- [Provided entries]
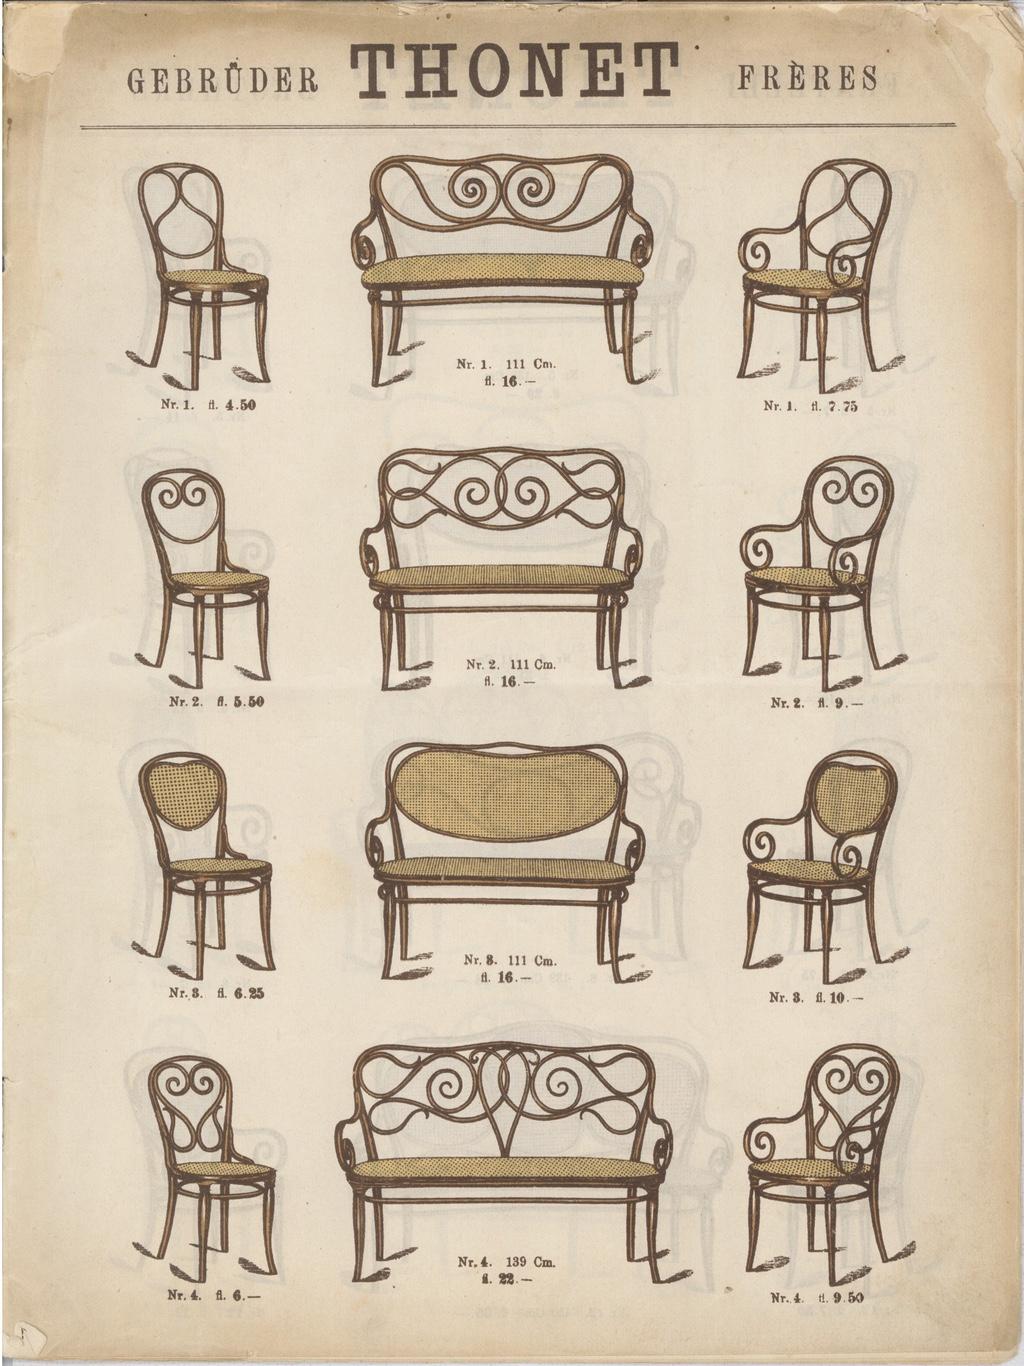 An 1886 Gebruder Thonet catalogue via Museum of Bonnard.
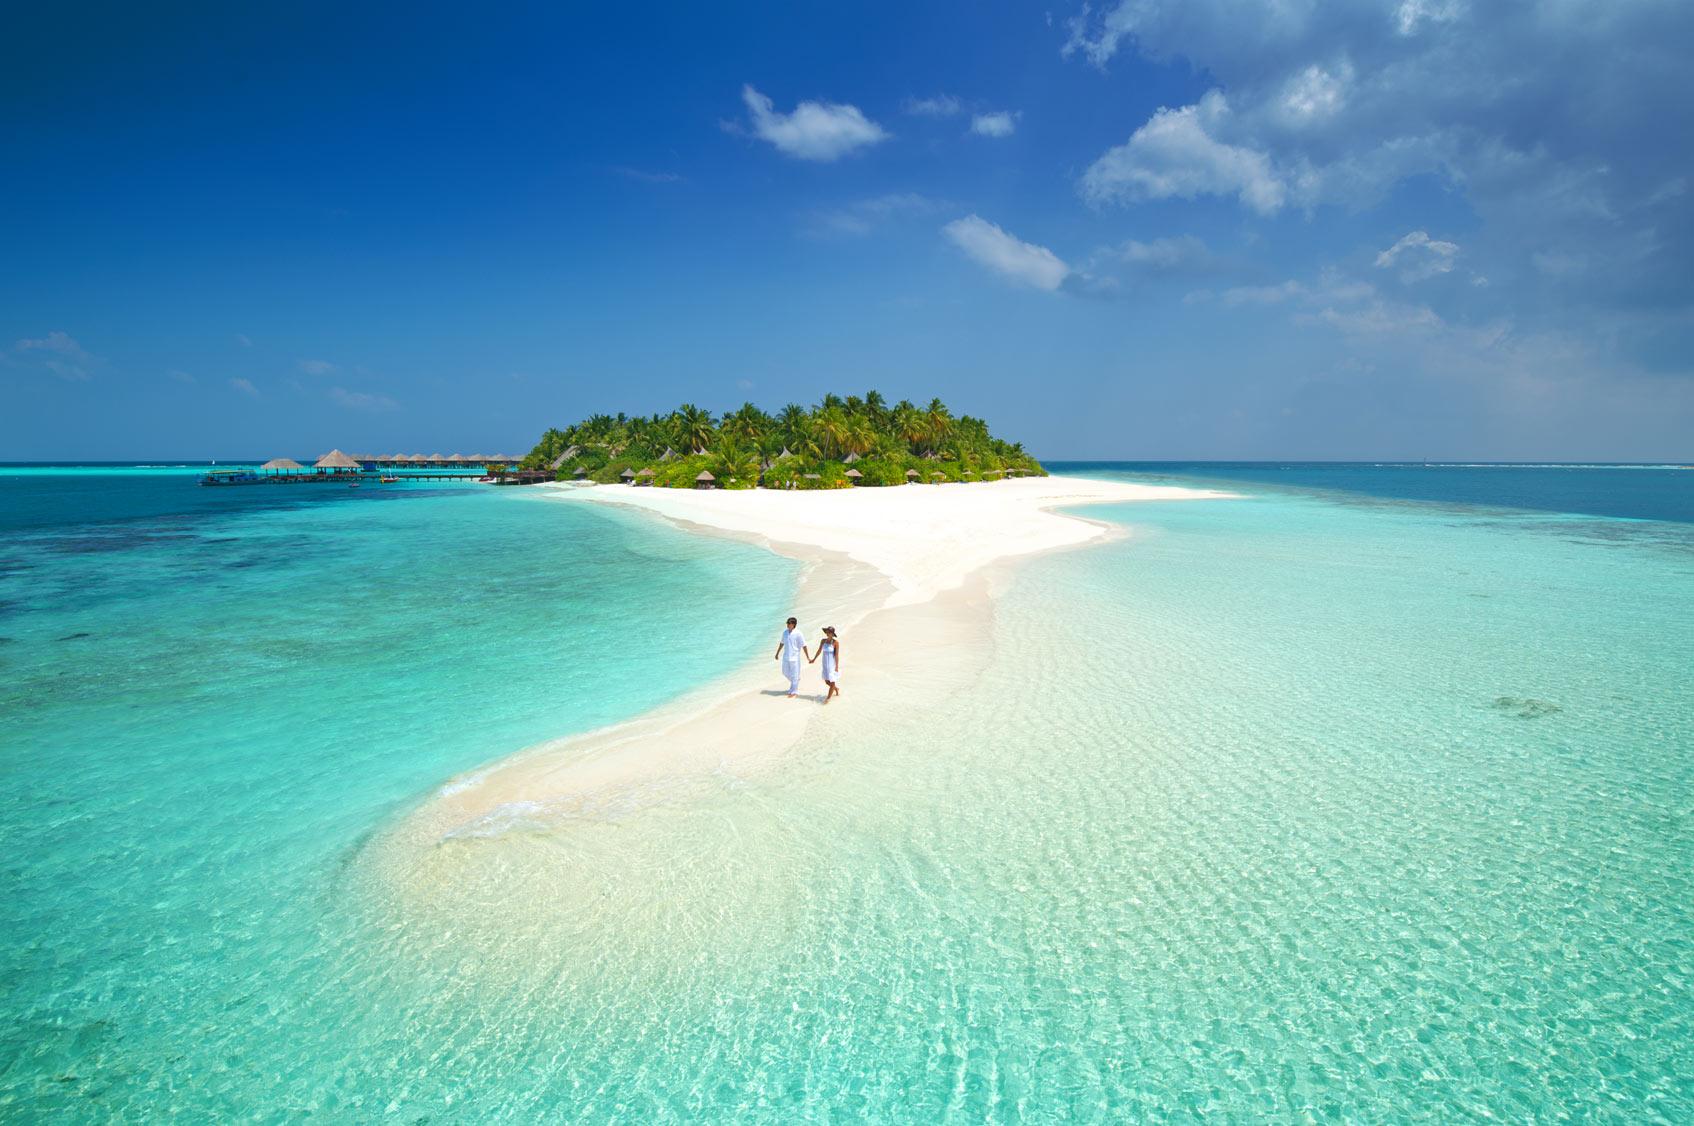 аренда острова на мальдивах
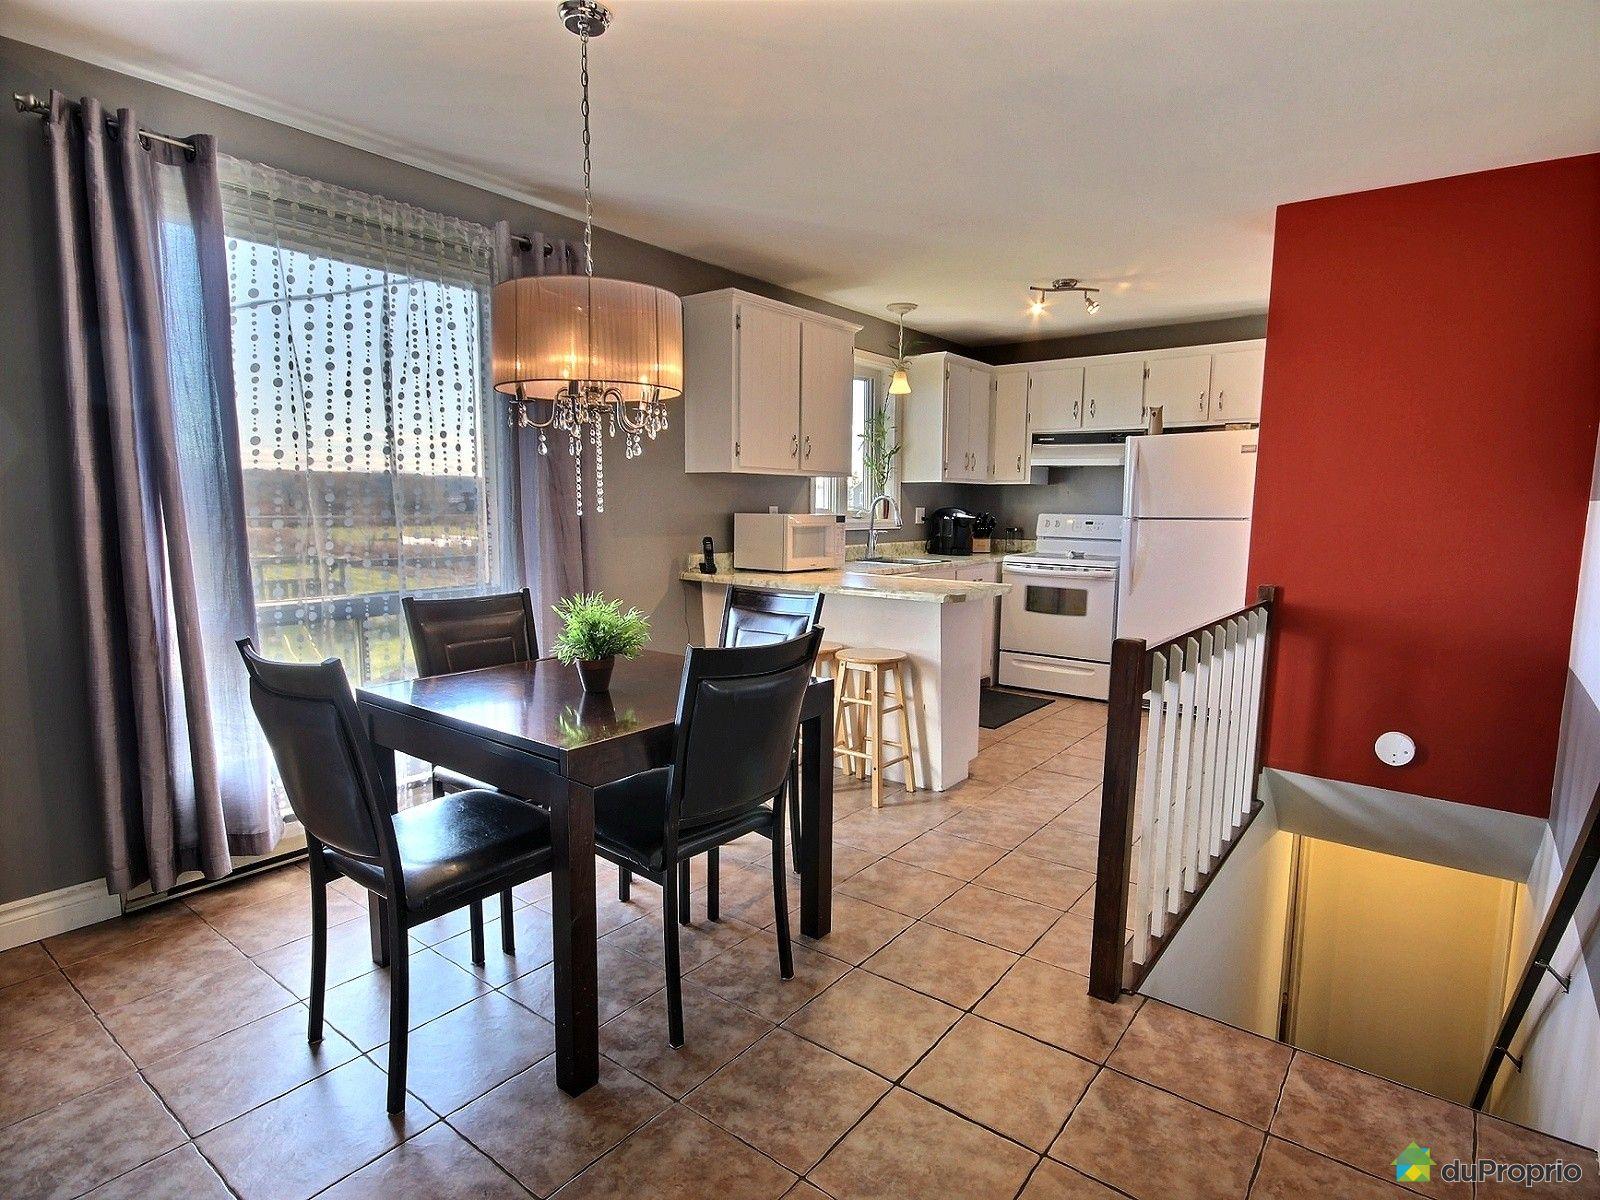 Maison Vendre Ch Teau Richer 8446 Avenue Royale
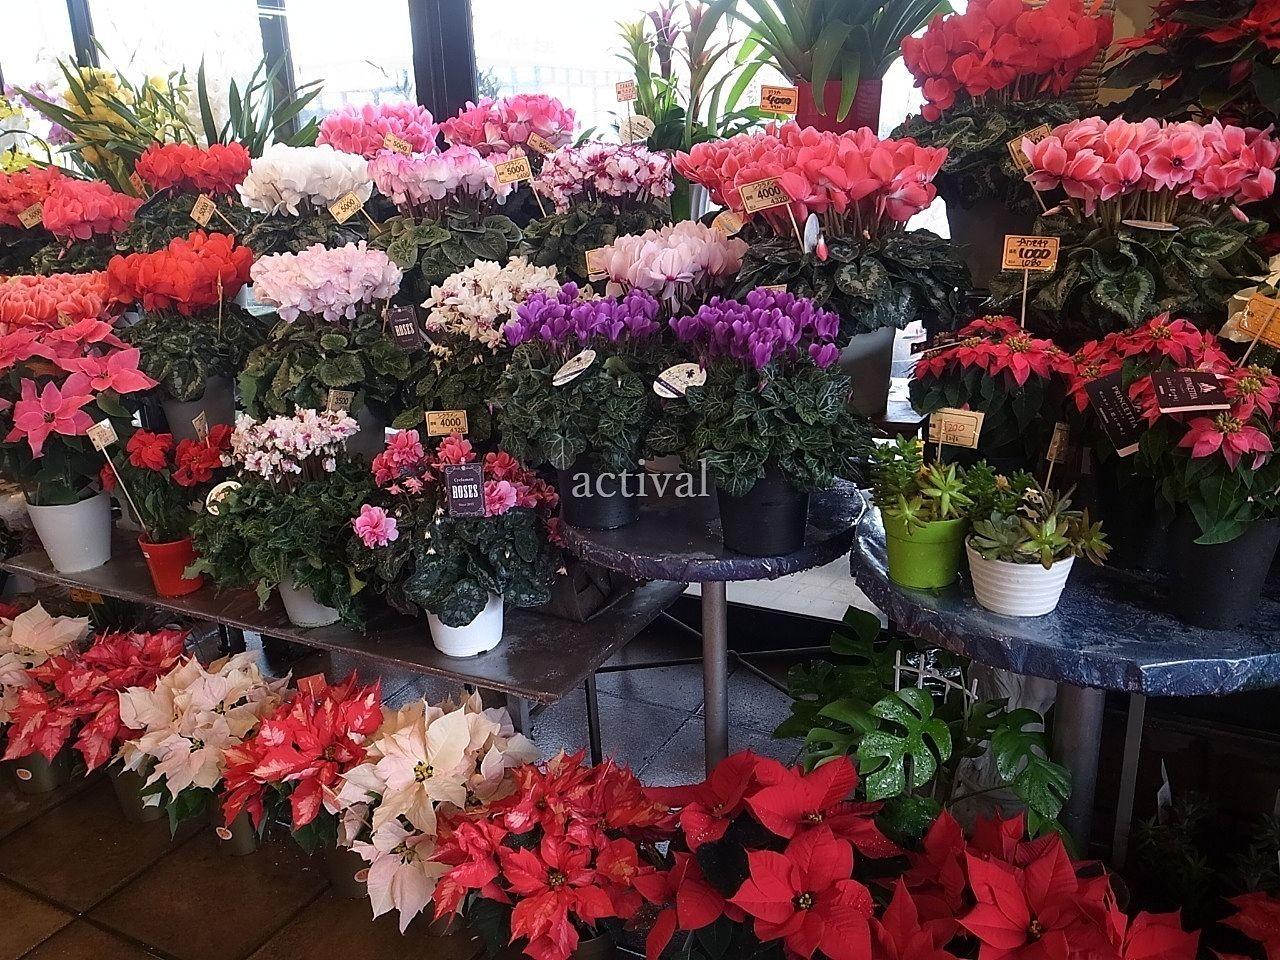 越谷・街のお花屋さん くろだ生花店のご紹介 ―ア・ス・ヴェルデのテナント紹介②―
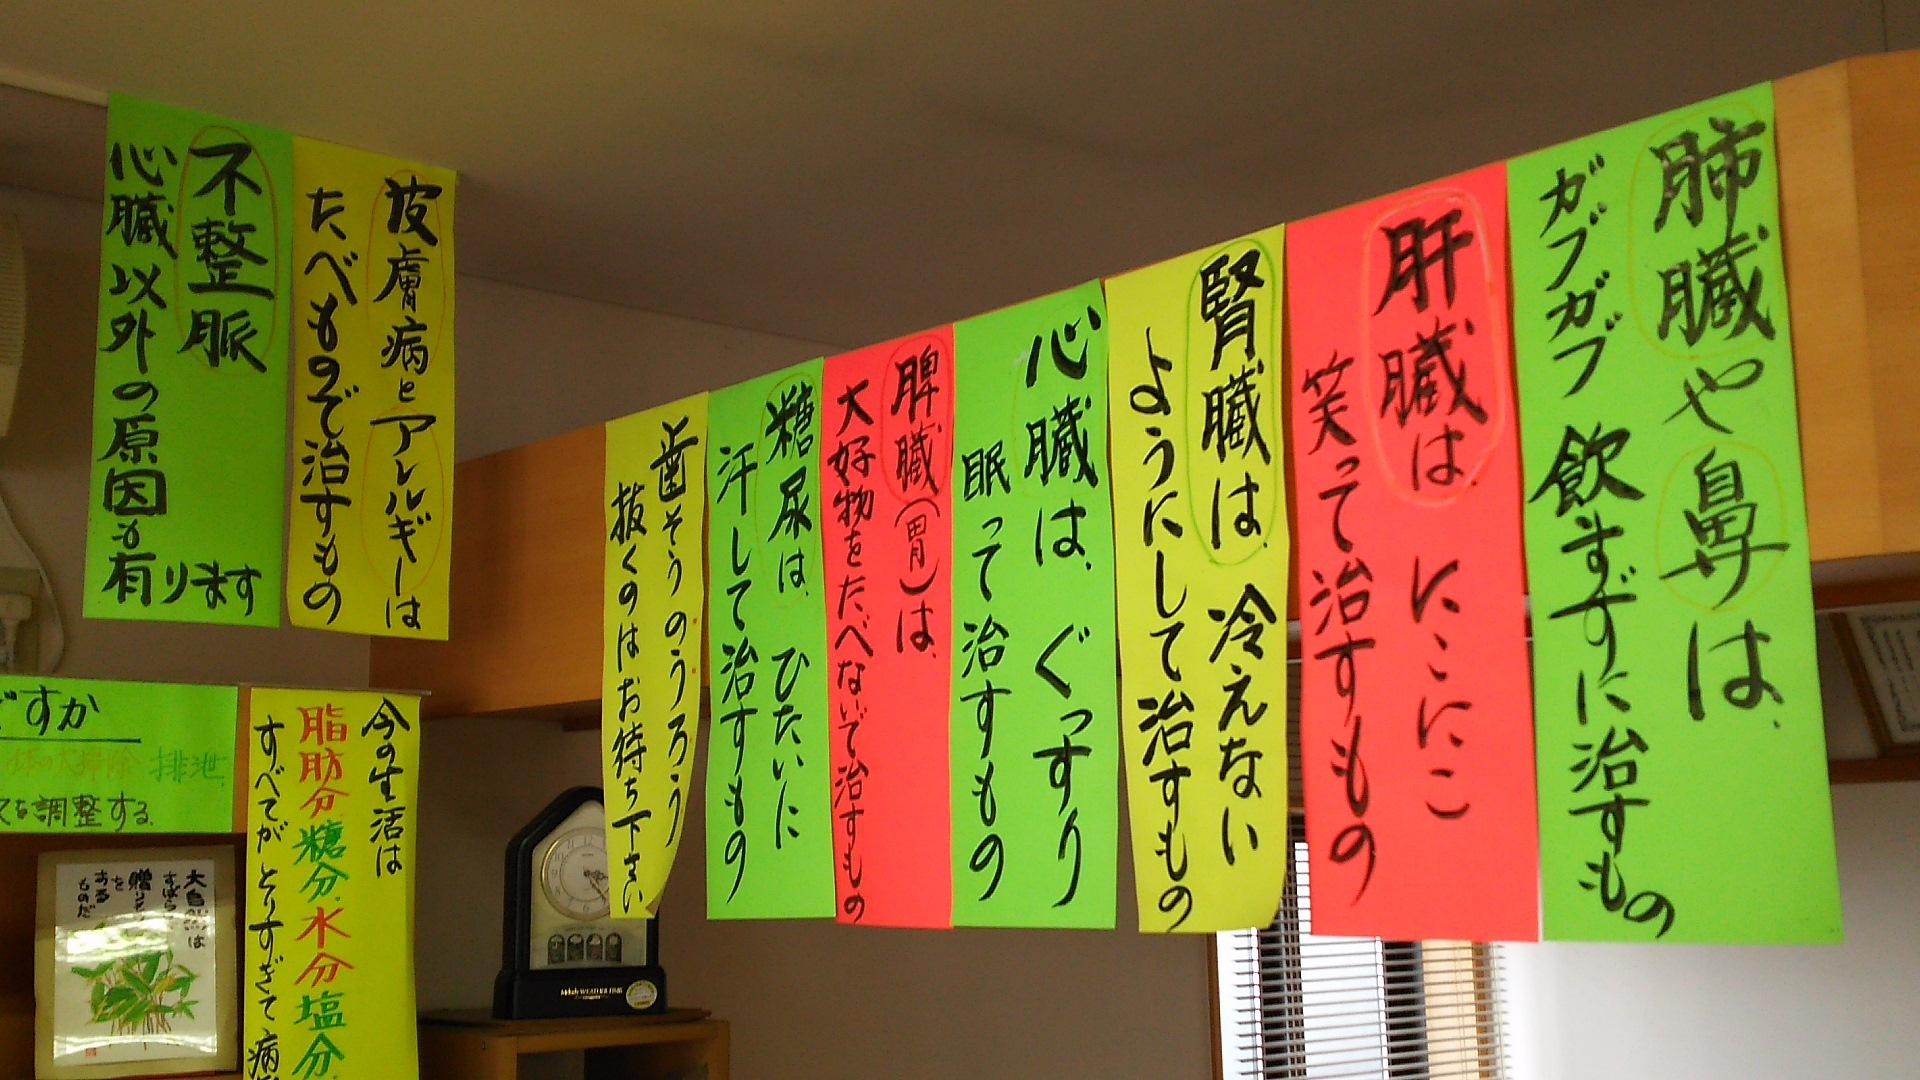 佳代子さん直筆のメッセージの並ぶ店内

- [What to do] Would you please repeat all the data word for word, but without the pictures?

- [Finished exercise]
 An 1886 Gebruder Thonet catalogue via Museum of Bonnard.
 аренда острова на мальдивах
 Maison Vendre Ch Teau Richer 8446 Avenue Royale
 越谷・街のお花屋さん くろだ生花店のご紹介 ―ア・ス・ヴェルデのテナント紹介②―
 佳代子さん直筆のメッセージの並ぶ店内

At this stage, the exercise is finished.